YOUR INSTRUCTIONS |
Print out the full material below, exact in every line, with no images included.

SOURCE DATA |
--- START ---
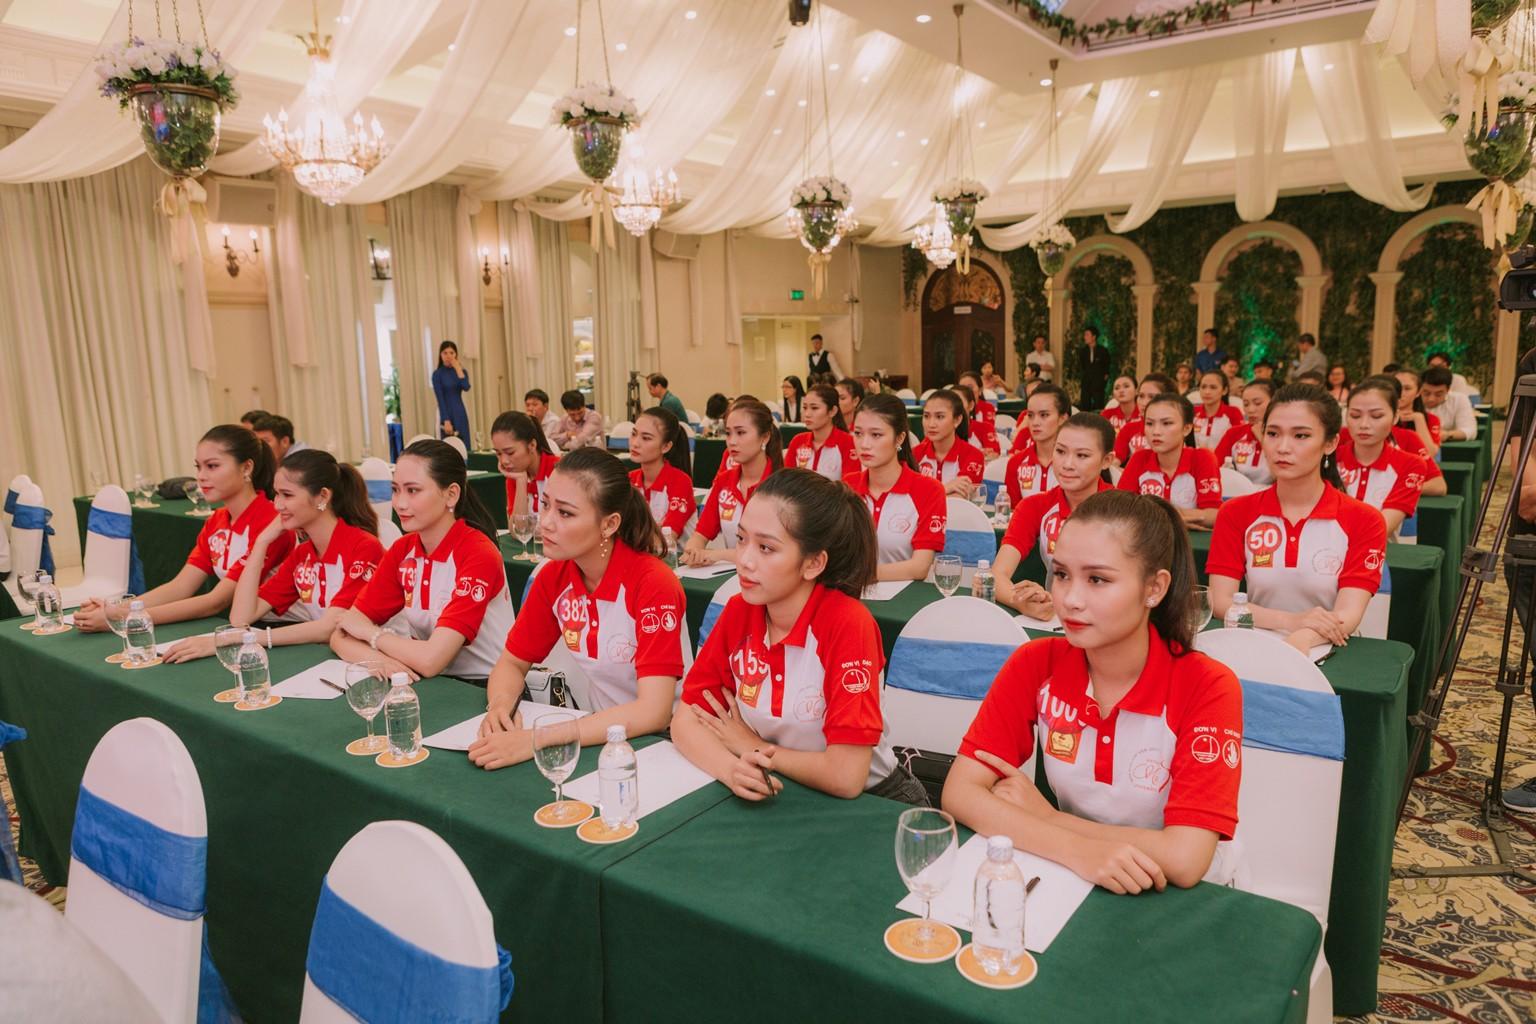 Cuối tuần này, 45 nữ sinh tài năng nhất sẽ cùng tranh tài trong đêm Chung kết Hoa khôi sinh viên Việt Nam - Ảnh 2.
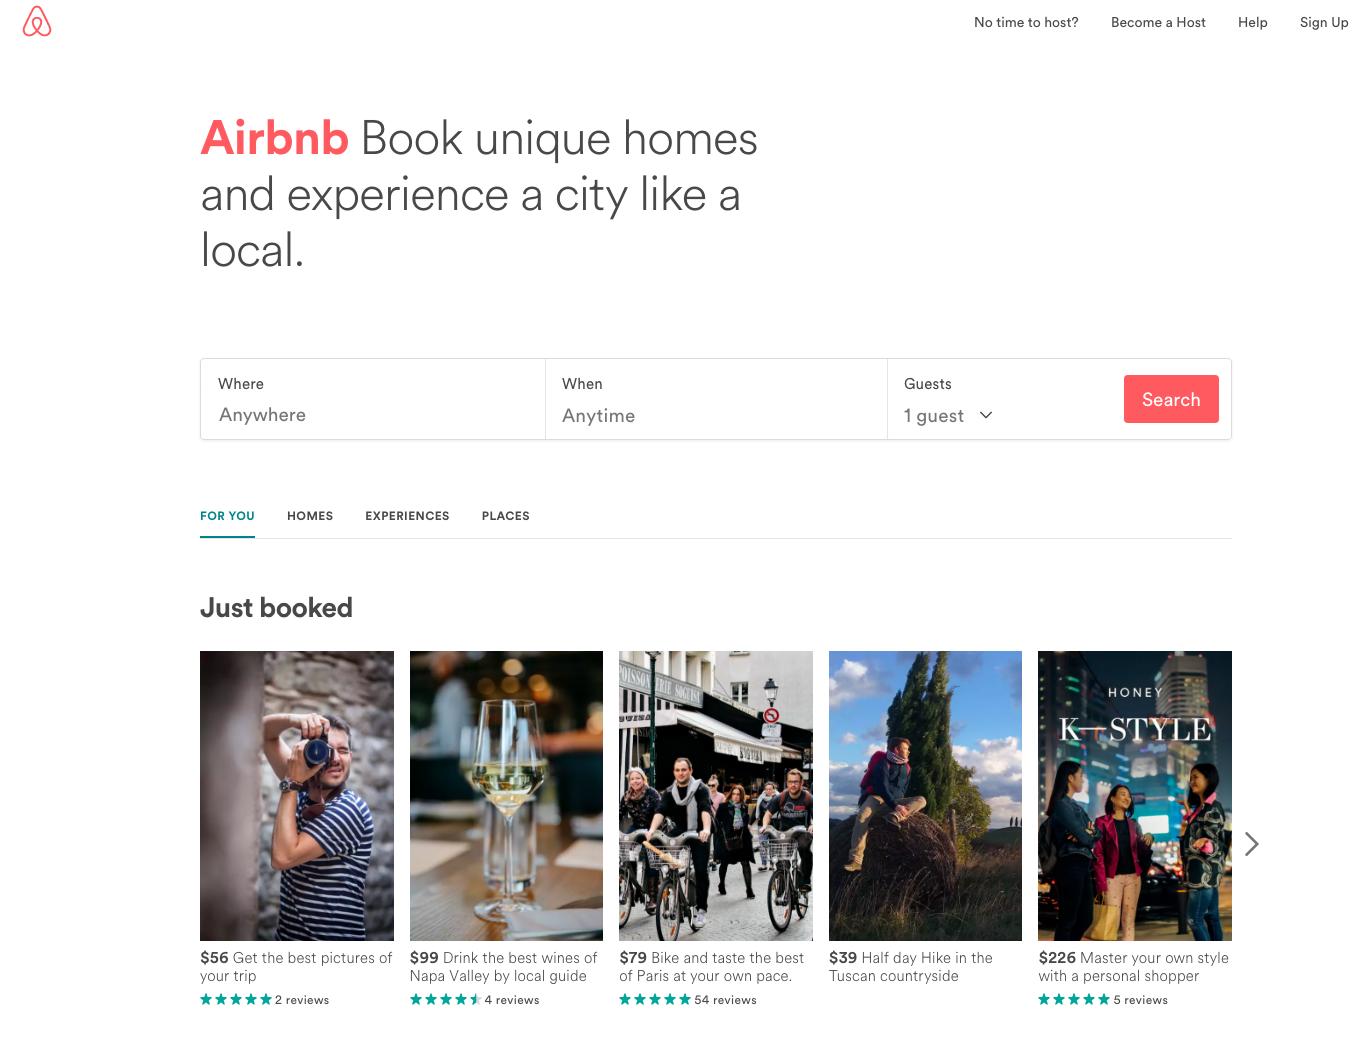 airbnb-homepage-update.png
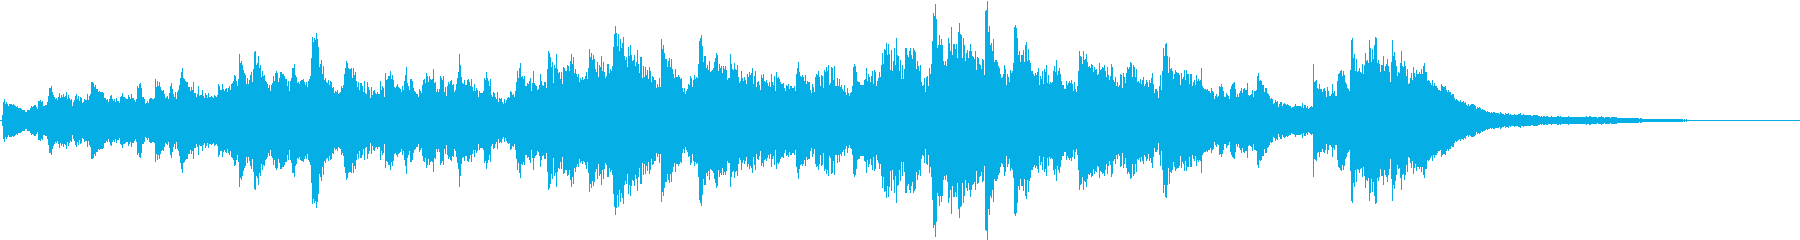 流れる様なピアノ曲の再生済みの波形
--- END ---
FINAL ANSWER |
 Cuối tuần này, 45 nữ sinh tài năng nhất sẽ cùng tranh tài trong đêm Chung kết Hoa khôi sinh viên Việt Nam - Ảnh 2.
 airbnb-homepage-update.png
 流れる様なピアノ曲の再生済みの波形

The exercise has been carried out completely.